Cease isn’t the first pitcher to produce at a high level despite some platoon vulnerabilities, and he’s made efforts to mitigate the issues in recent years. In 2024, he toyed with a cutter early in the season until he allowed a home run off it in May. He used it only twice after that and shelved it in 2025.

The veteran starter has also featured a changeup throughout his career, but its movement is vastly below average, and he’s gone to it less and less over the years.


There is a pitch hiding in his repertoire of tertiary pitches that might help shift the paradigm against left-handed hitters — and it could increase his unpredictability overall.

Cease’s knuckle curve is technically his third pitch, but he threw it 8.5 per cent of the time last season, and it might deserve a bump in usage. While the pitch got hit hard in 2025 (.576 SLG), it also generated an excellent whiff rate vs. lefties (39.7 per cent) due to its excellent movement profile.

The right-hander’s hook has induced vertical break that is well above average (+5.7) inches with below-average horizontal break to the glove side (-6.0 inches). The end result is a pitch that falls off the table with relatively pure 12-6 action.

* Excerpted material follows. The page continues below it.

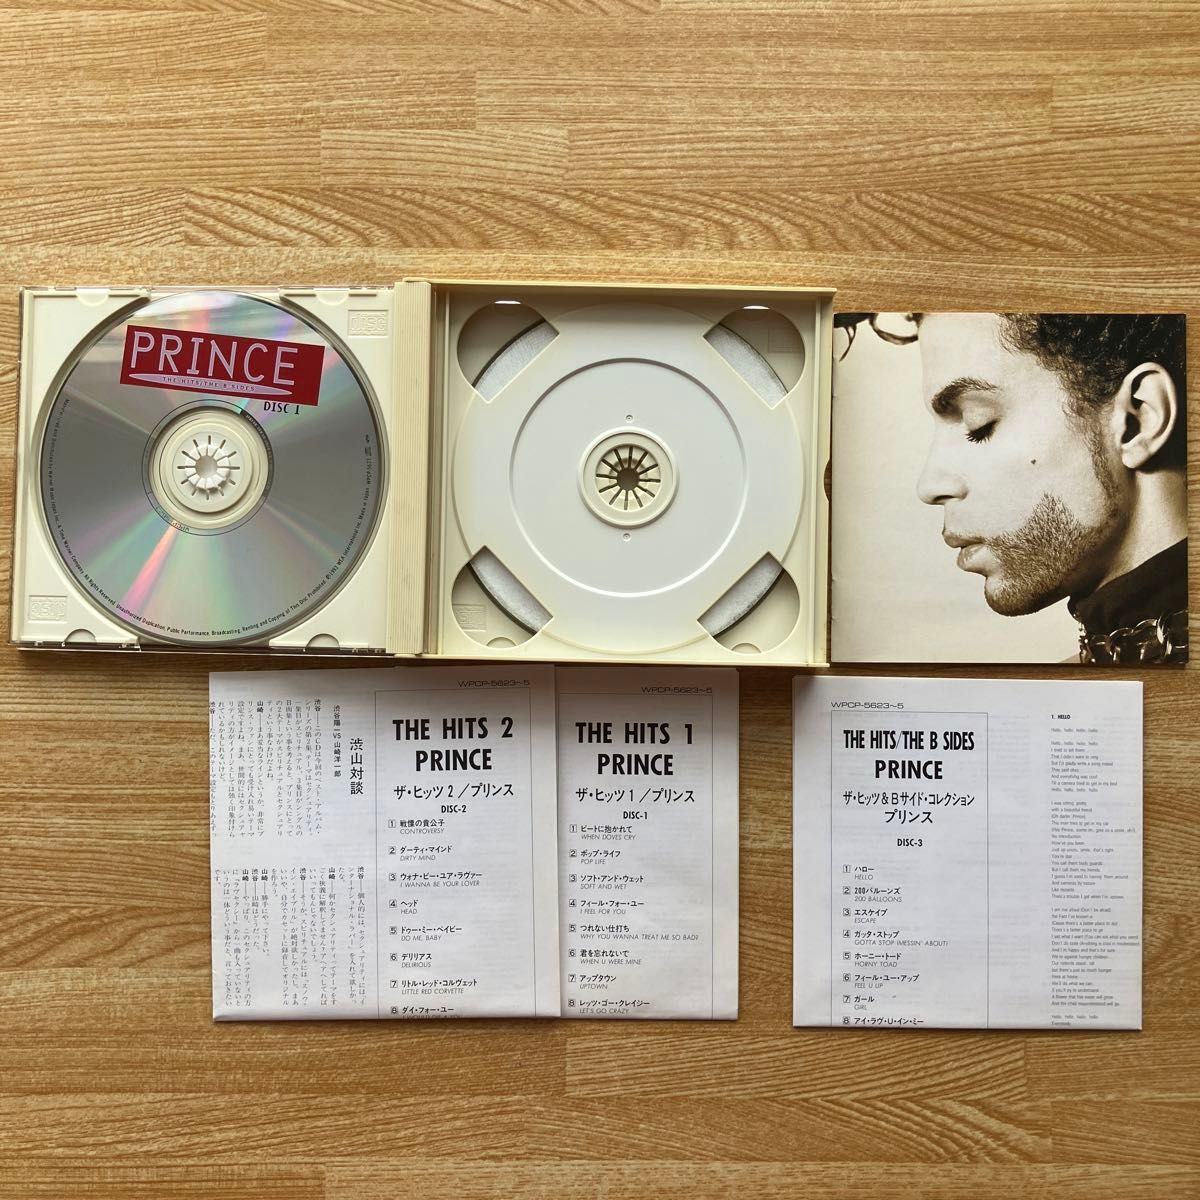 プリンス Prince / ザ・ヒッツ＆Bサイド・コレクション 国内盤 帯付 歌詞・対訳付

By dropping more than most curveballs and avoiding glove-side run into left-handers, it’s exactly the type of pitch that could help Cease erase them. The small-sample results aren’t impressive, but that seems to be a location issue with too many hangers in the mix right now:


Cease’s curveball isn’t the only one of his lesser-known pitches that might have some latent potential. He introduced a sweeper in 2024 with some unique movement properties.

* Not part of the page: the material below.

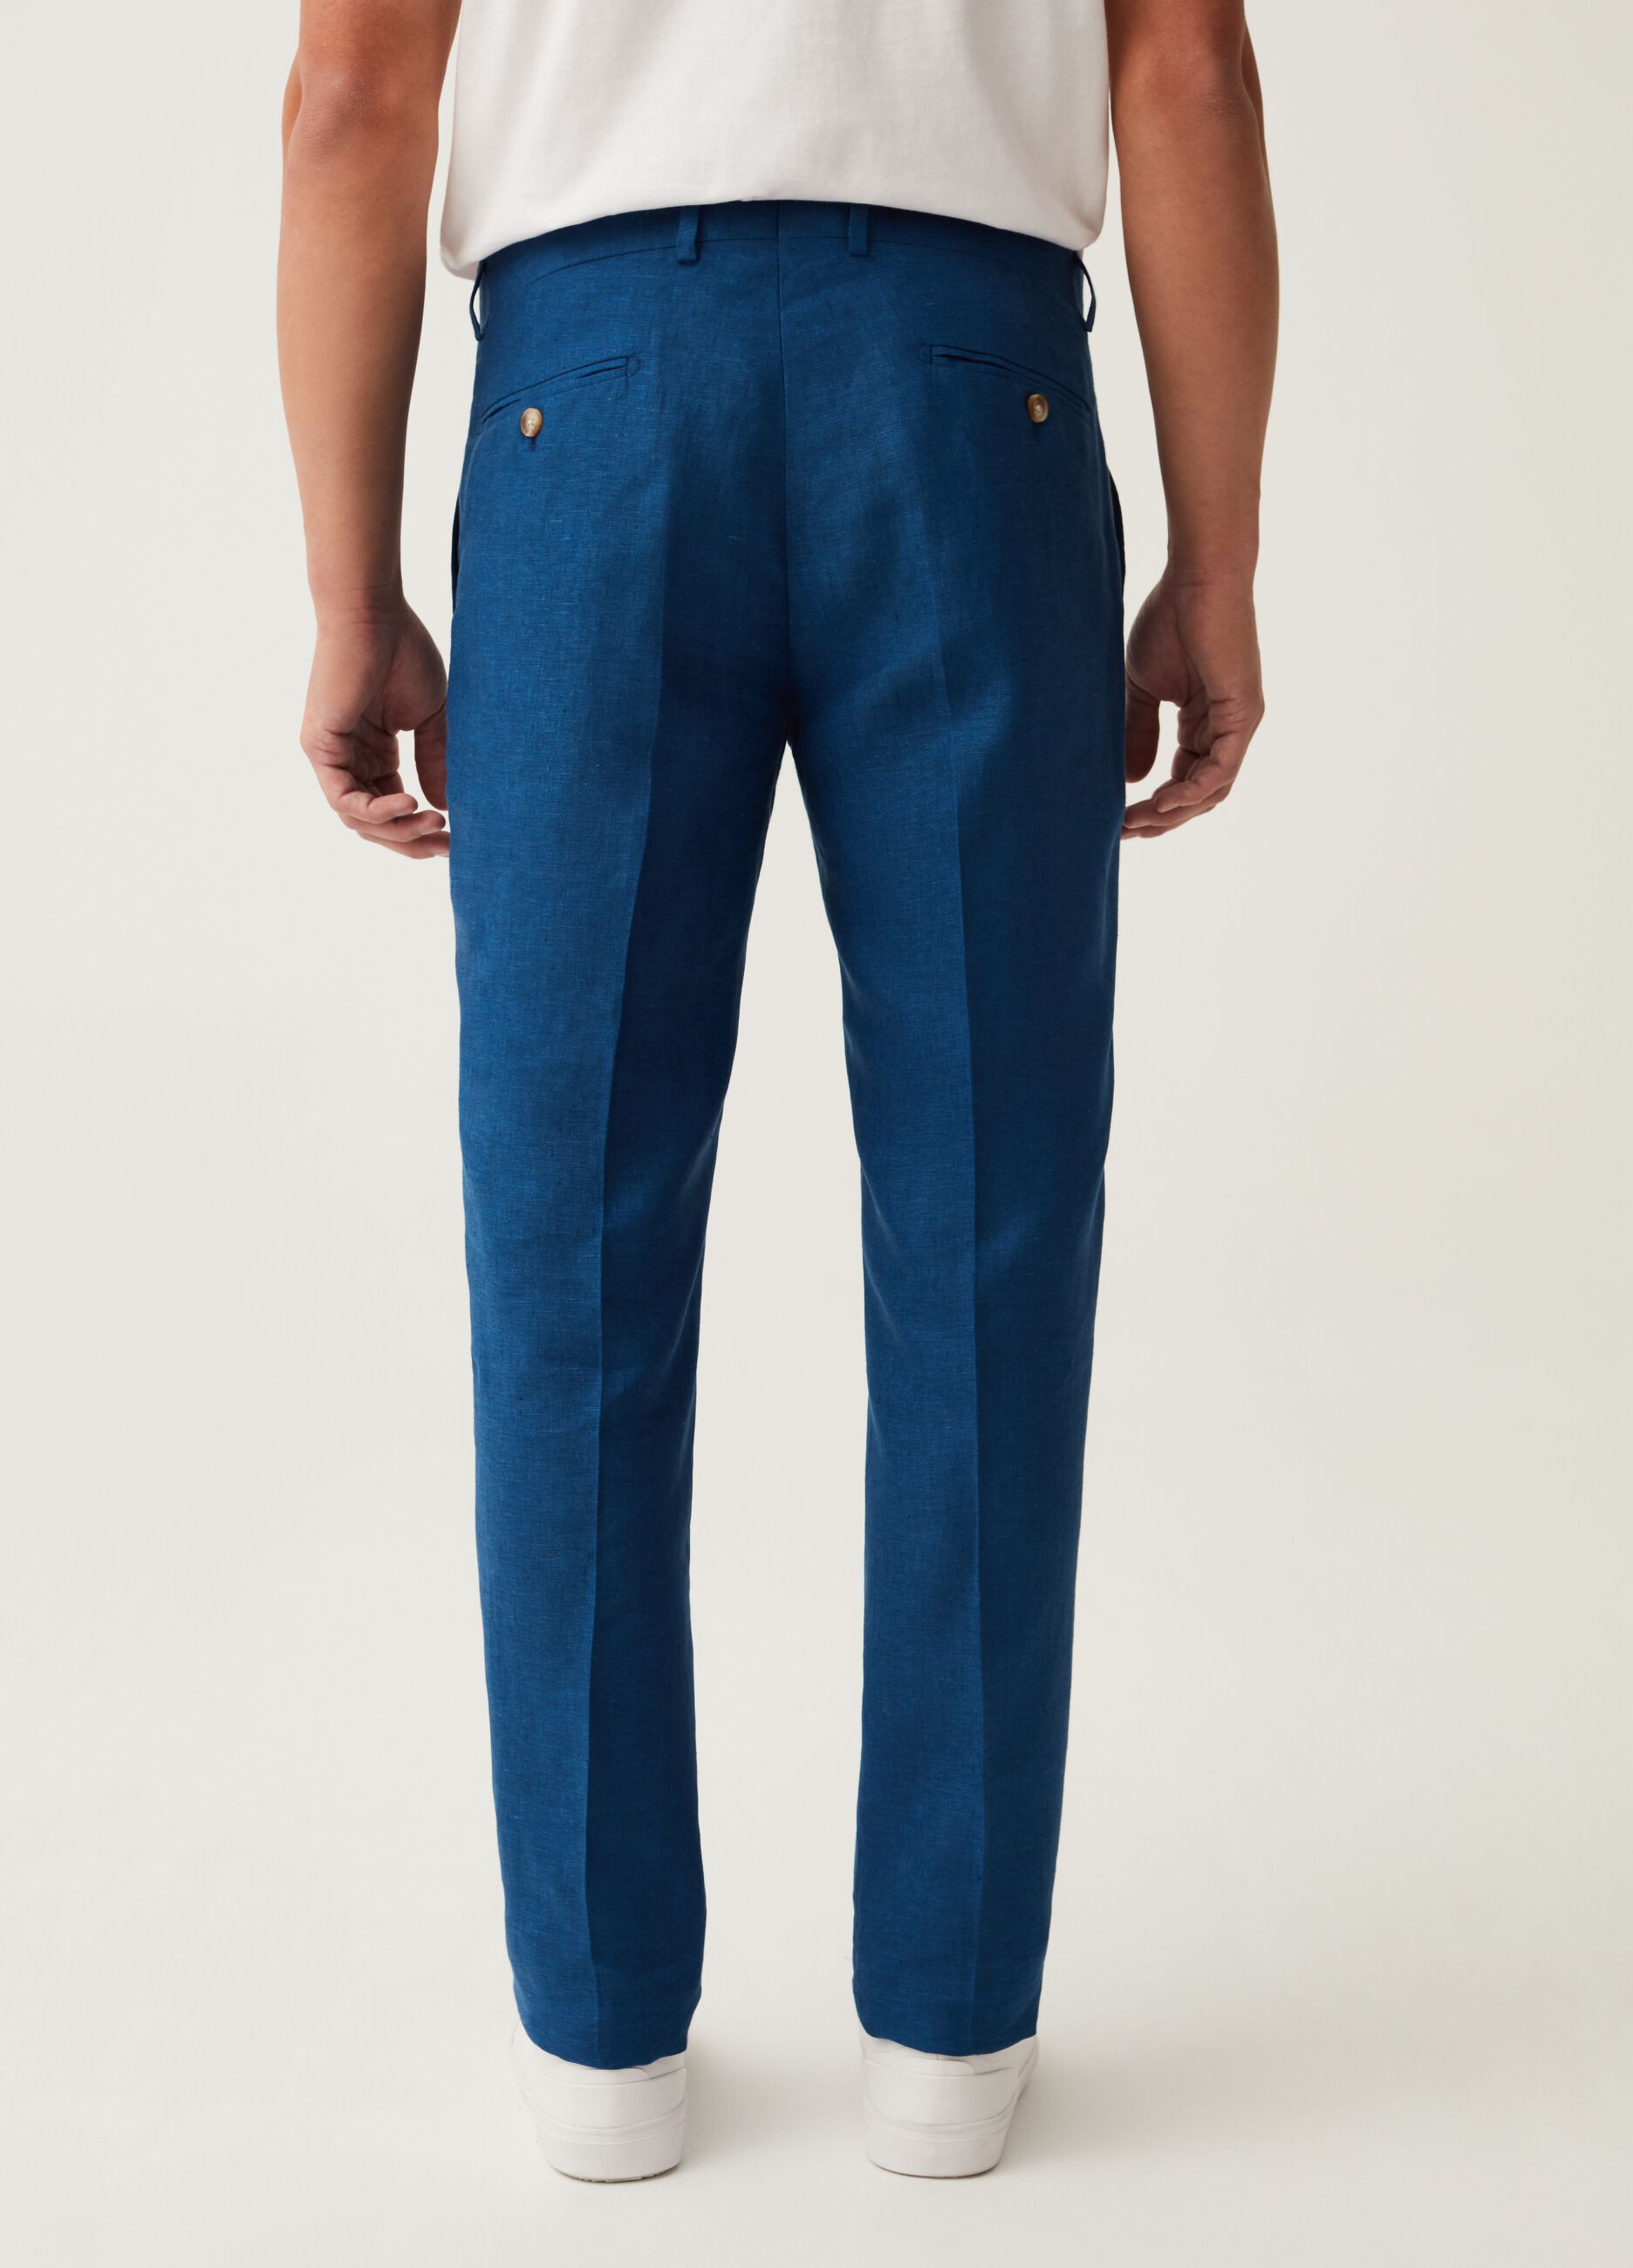 Pantalone slim fit in lino tinto filo bluette

Specifically, its induced vertical break is most above average (plus-9 inches) than any of the 161 pitchers who threw at least 100 sweepers last year. Although its horizontal movement is slightly below average, it still has more glove-side movement than Cease’s traditional slider, and does a great job of getting away from right-handed hitters.


Cease threw only 106 sweepers last season, but they generated seven strikeouts with opponents slugging just .095 against them — good for a plus-4 run value. This developing offering doesn’t have much utility against lefties, but its growth could make the new Blue Jay even more of a headache for righties.

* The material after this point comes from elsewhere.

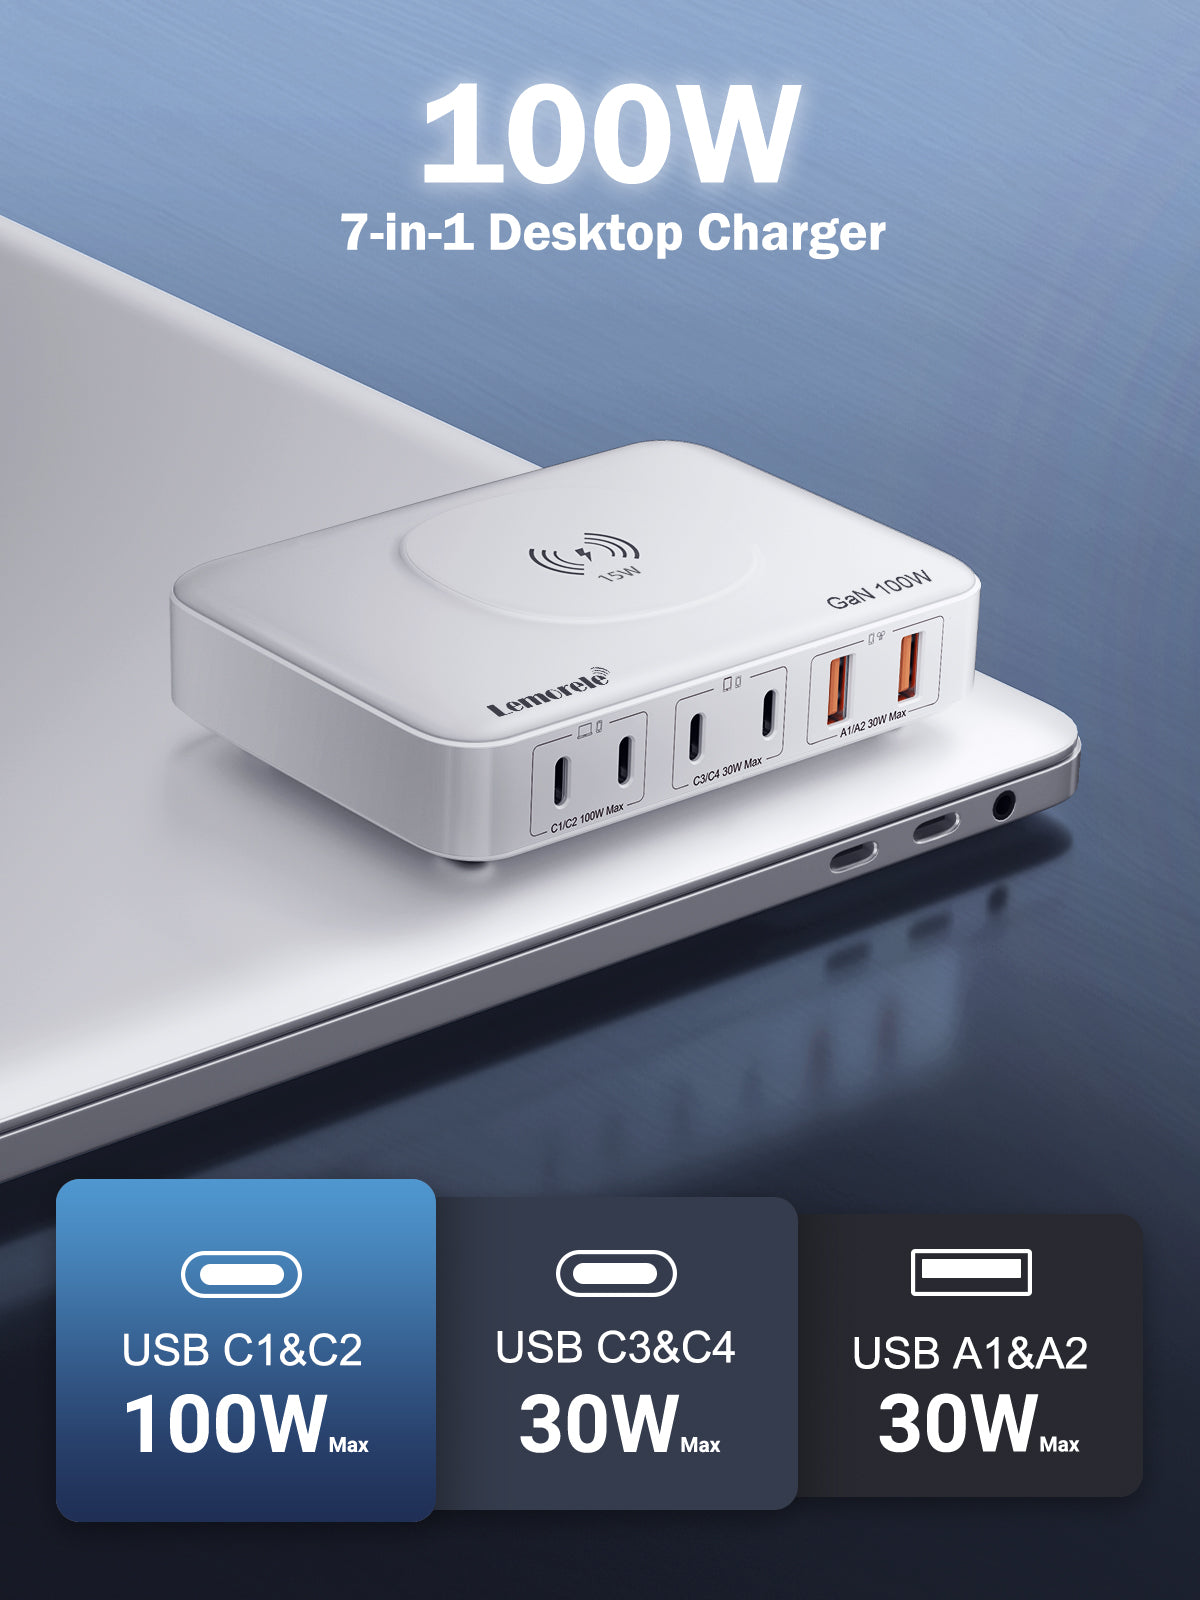 Lemorele Desktop multi-port charging 100W white

Featuring it and the curve a little more might also be helpful for another issue Cease faces: a relatively wide time-through-the-order split that has always dogged him — but was especially ugly in 2025.

Time Through the Order

2025 ERA

Career ERA

First

3.14

3.34

Second

4.62

3.64

Third

7.56

5.33

Last year’s numbers may be more statistical noise than anything, but the overall pattern is there. Cease is far from the only pitcher who hitters seem to do better against with more at-bats, but his heavy reliance on two pitches could make it easier to adjust to him. Giving hitters a wider array of looks might make it harder for them to feel familiar with his stuff. One of the biggest knocks on Cease is how infrequently he pitches deep into games, and performing better the third time through the order would help with that. 

Pitch-mix tweaking is a difficult business, and any suggestion that Cease should throw his curve of sweeper more is a call for him to use his slider/fastball combo less — and riding those two pitches just earned him over $200 million. Over the course of his tenure in Toronto, Cease and the Blue Jays will undoubtedly spend a lot of time looking into what approach will make him the best pitcher he can be.

What the team should be encouraged by is that the process won’t have to start from scratch. Cease already has a couple of intriguing weapons in his back pocket that could help him address some of the issues he’s faced in recent years.